**Work request:** An exact copy of each line below is needed, with no images in it.

*** Dataset extract ***

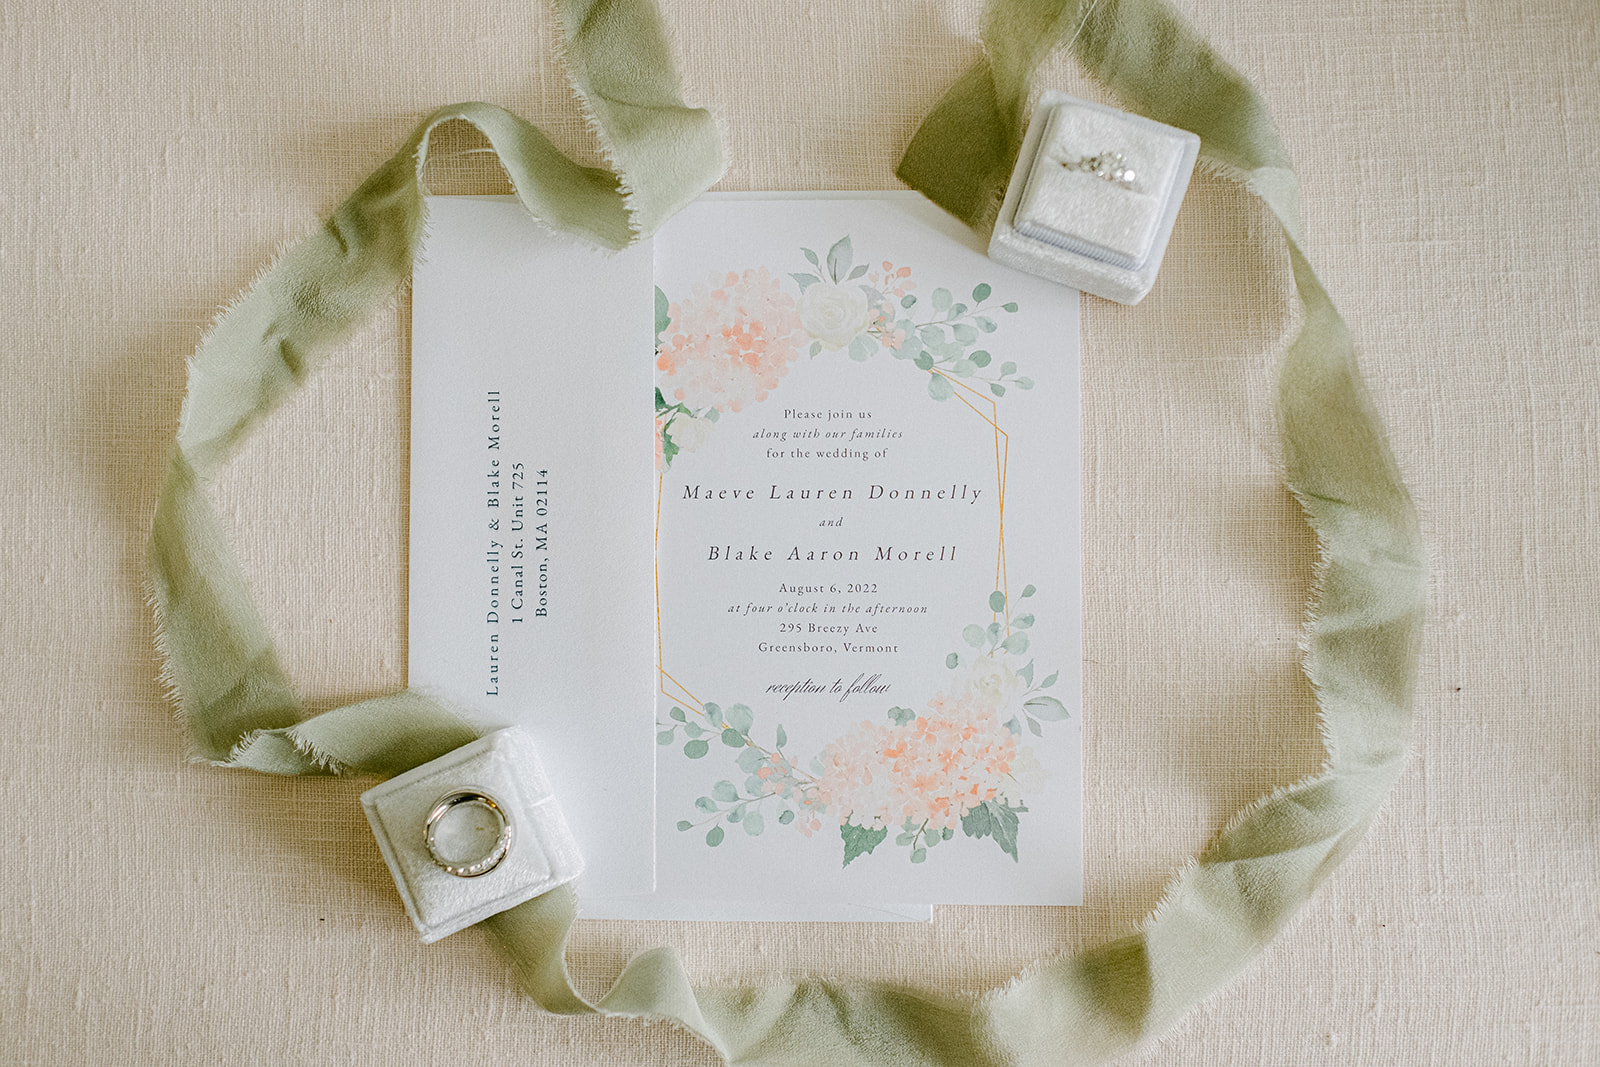 Wedding Invitations from the Knot
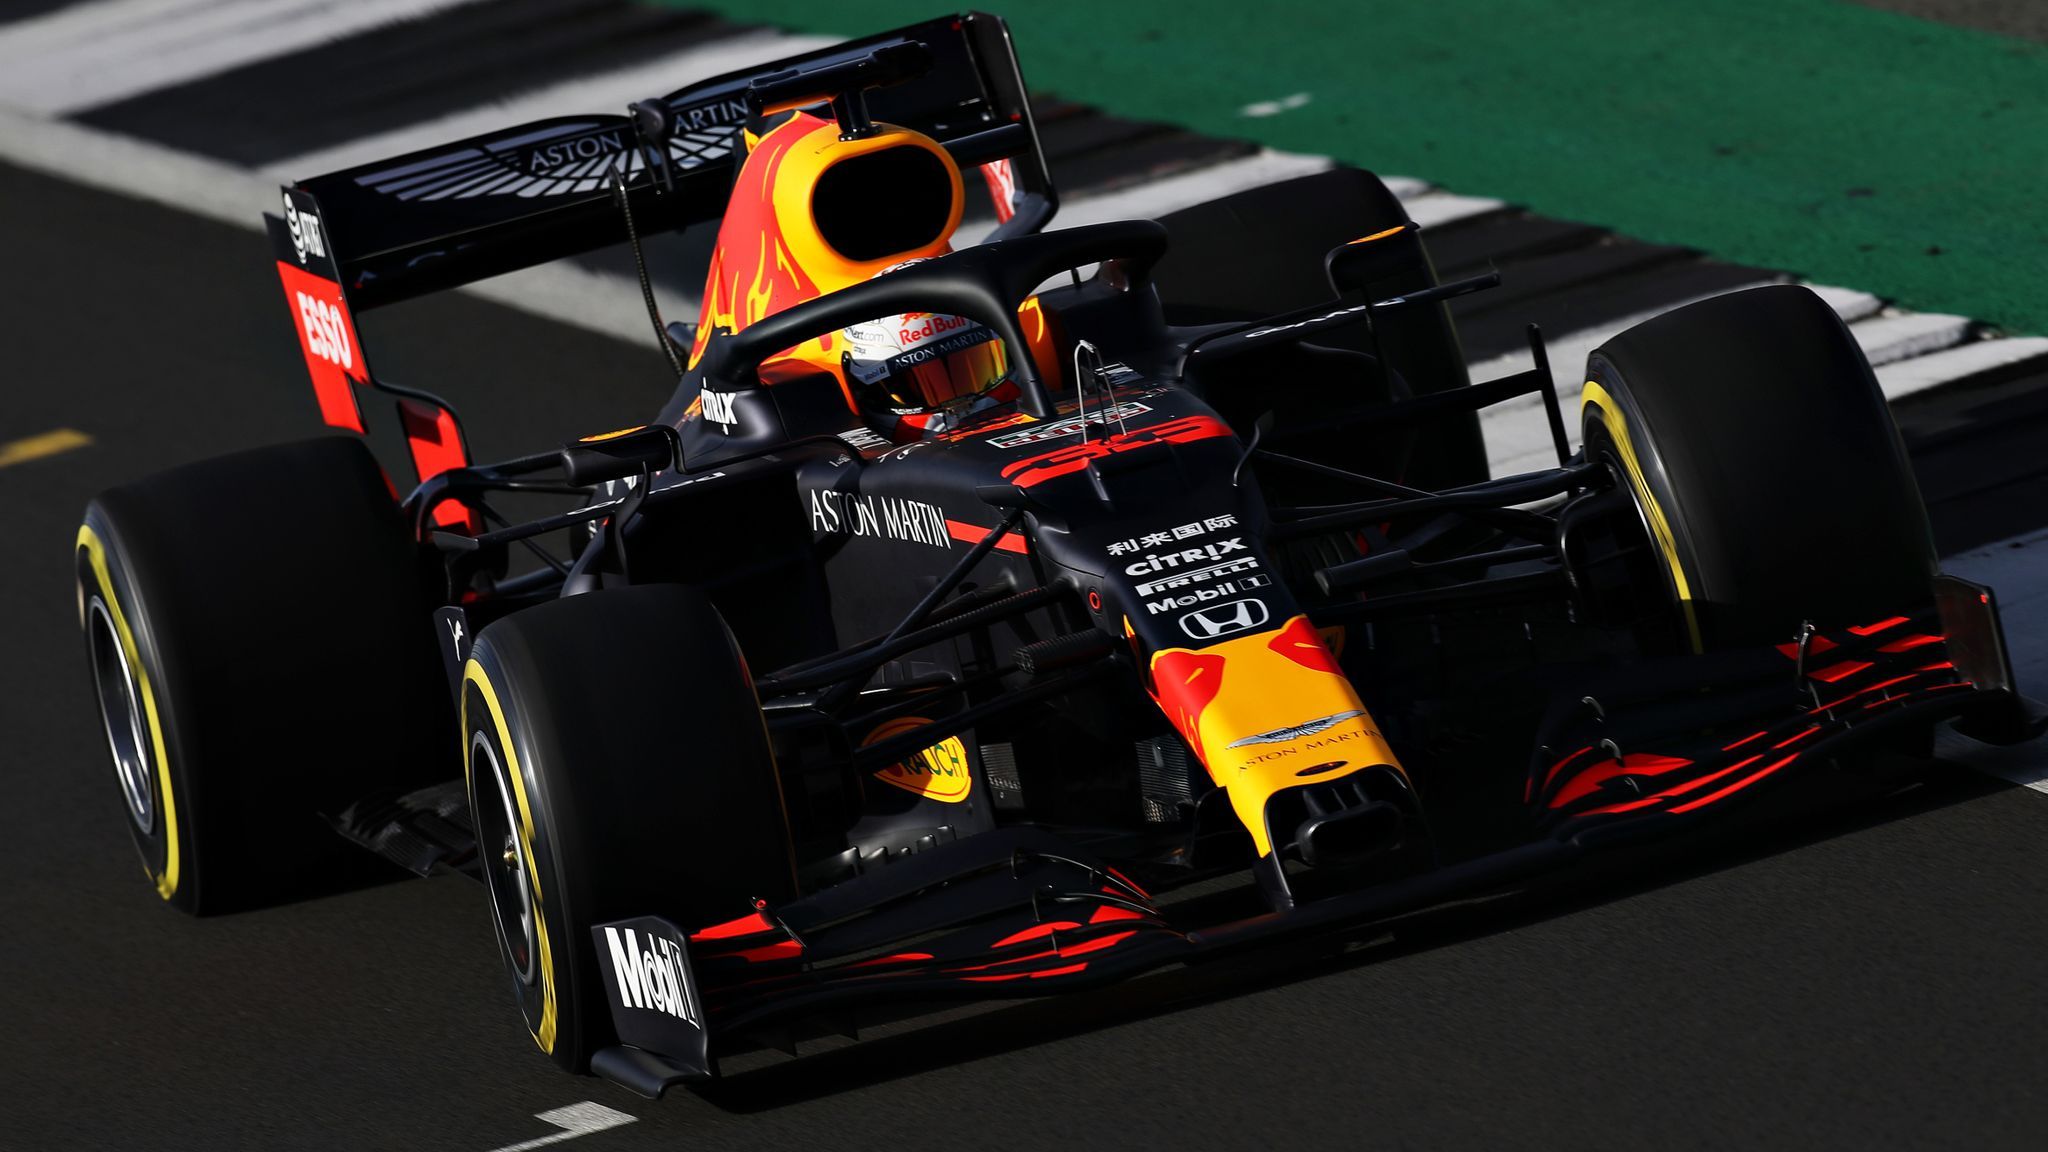 Red Bull hit the track with F1 2020 contender as RB16 is launched
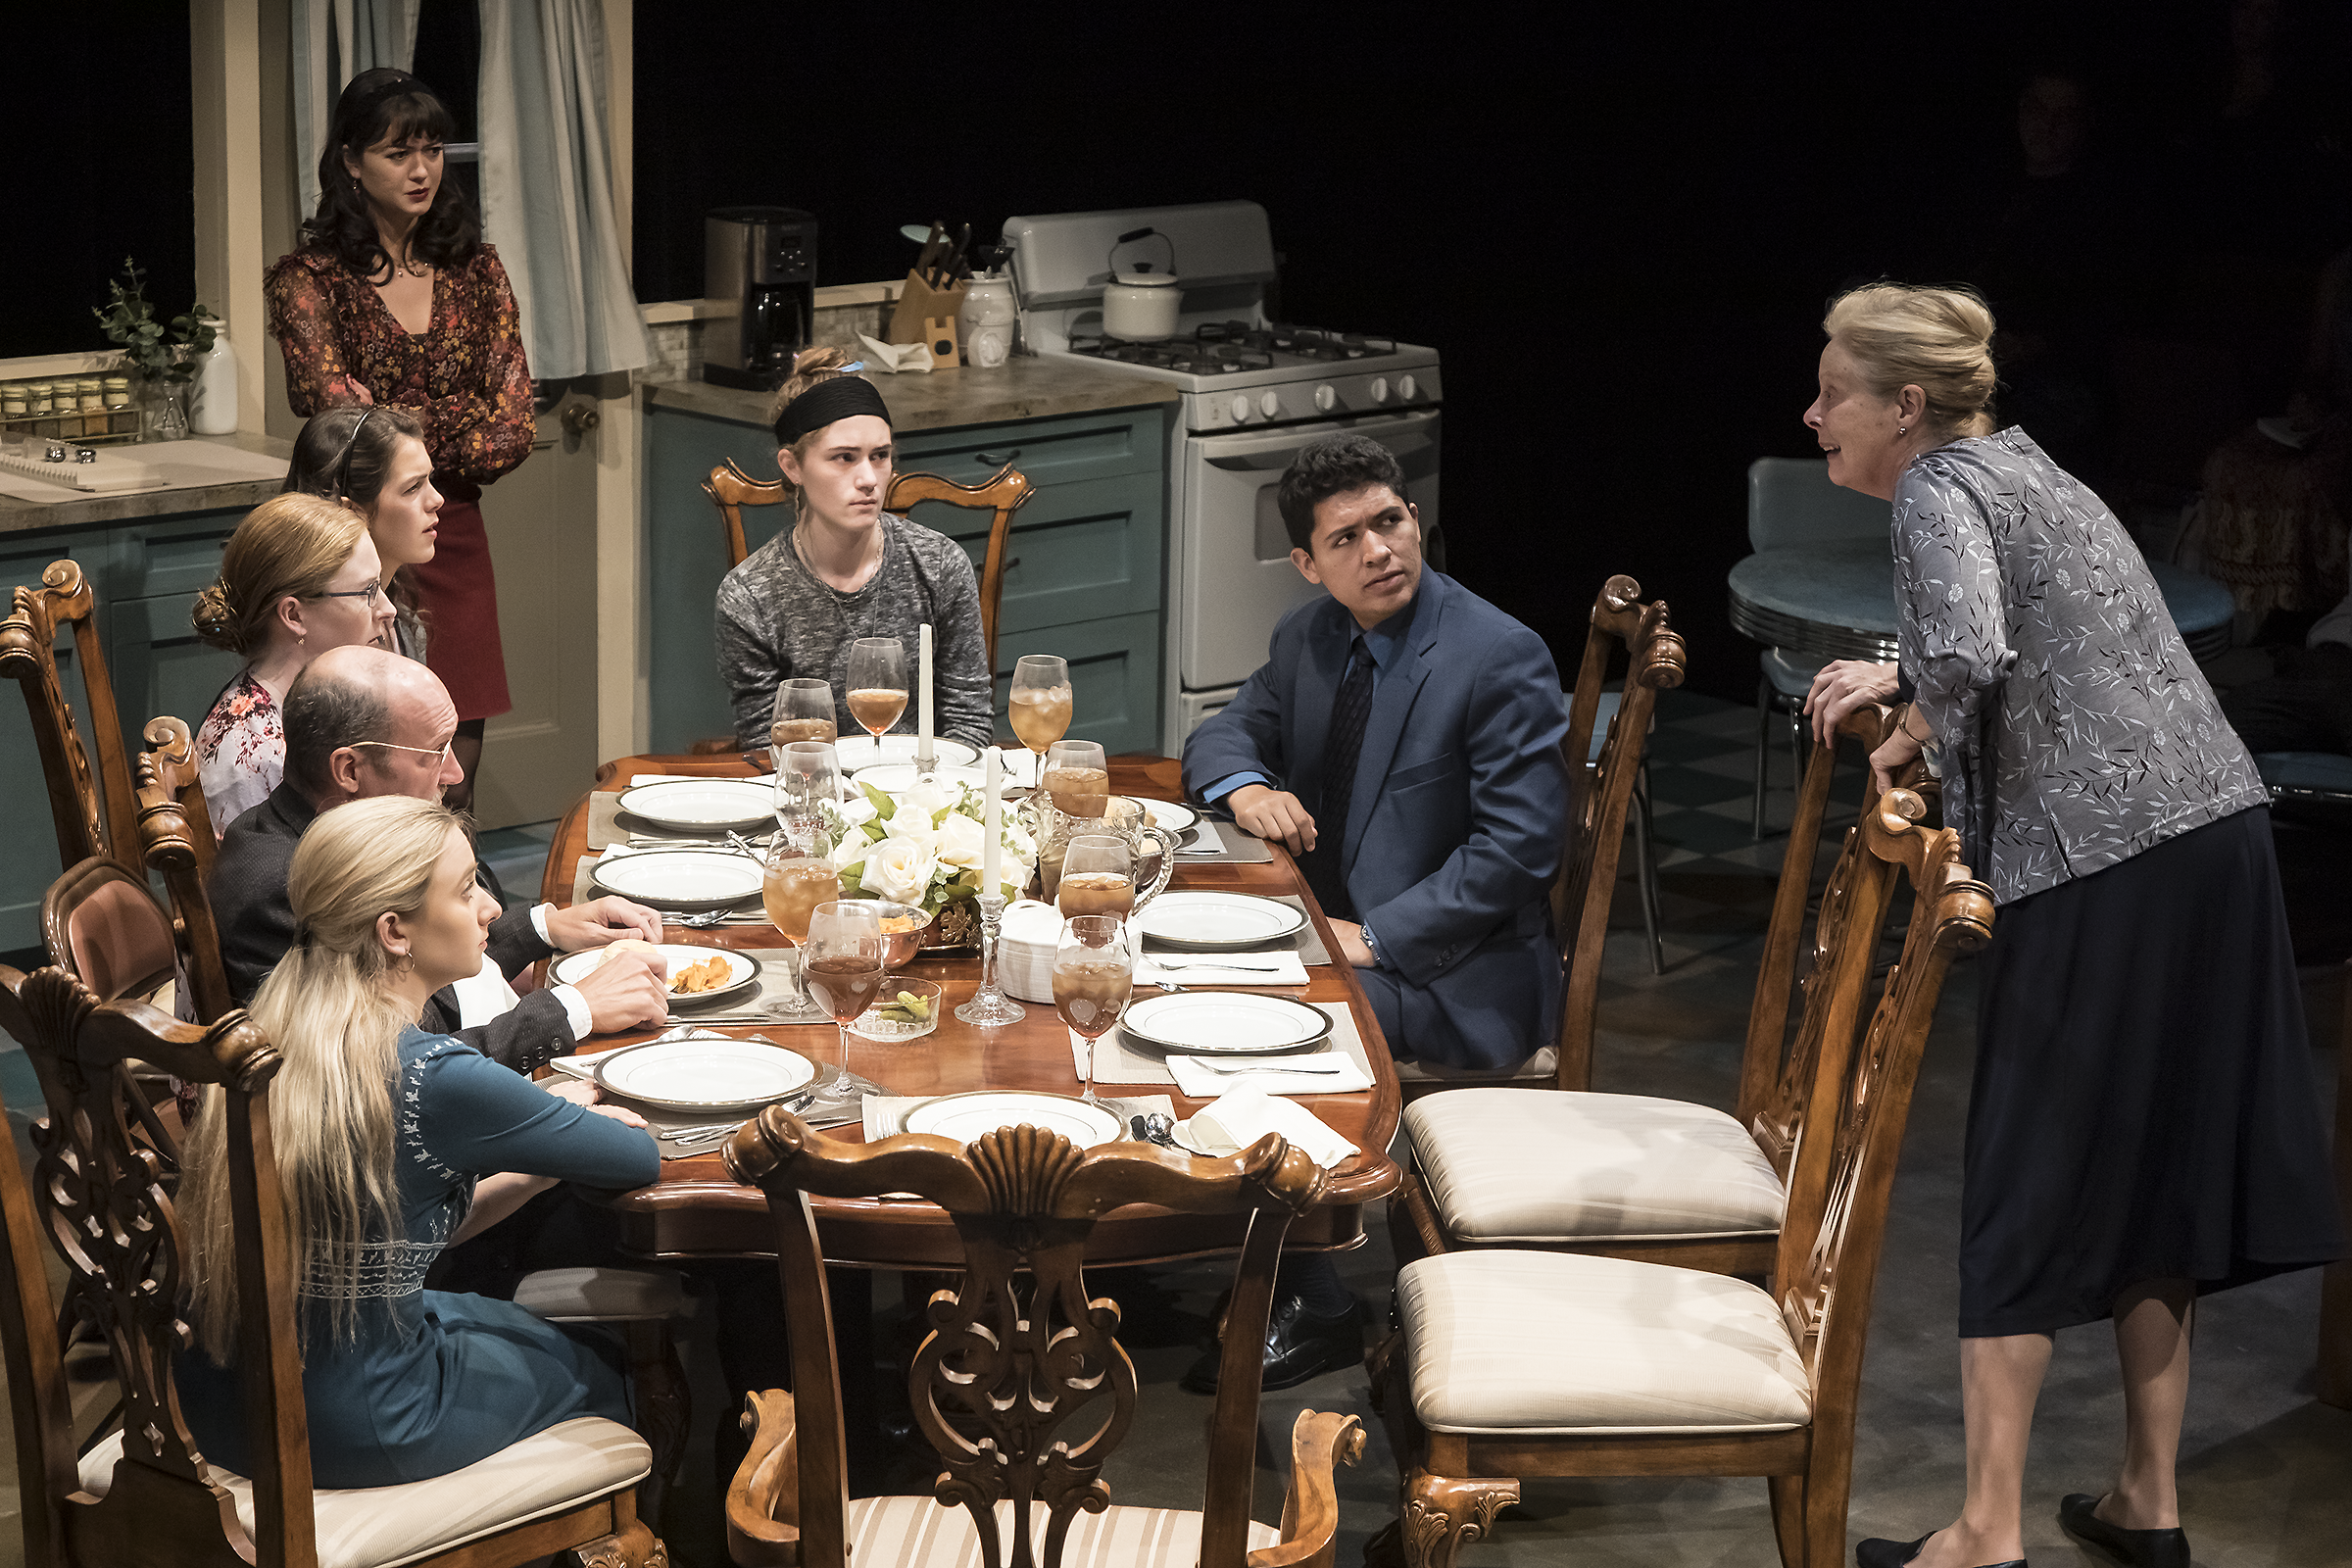 scene at the dining room table with all cast members

***

**Solution to this exercise:**
 Wedding Invitations from the Knot
 Red Bull hit the track with F1 2020 contender as RB16 is launched
 scene at the dining room table with all cast members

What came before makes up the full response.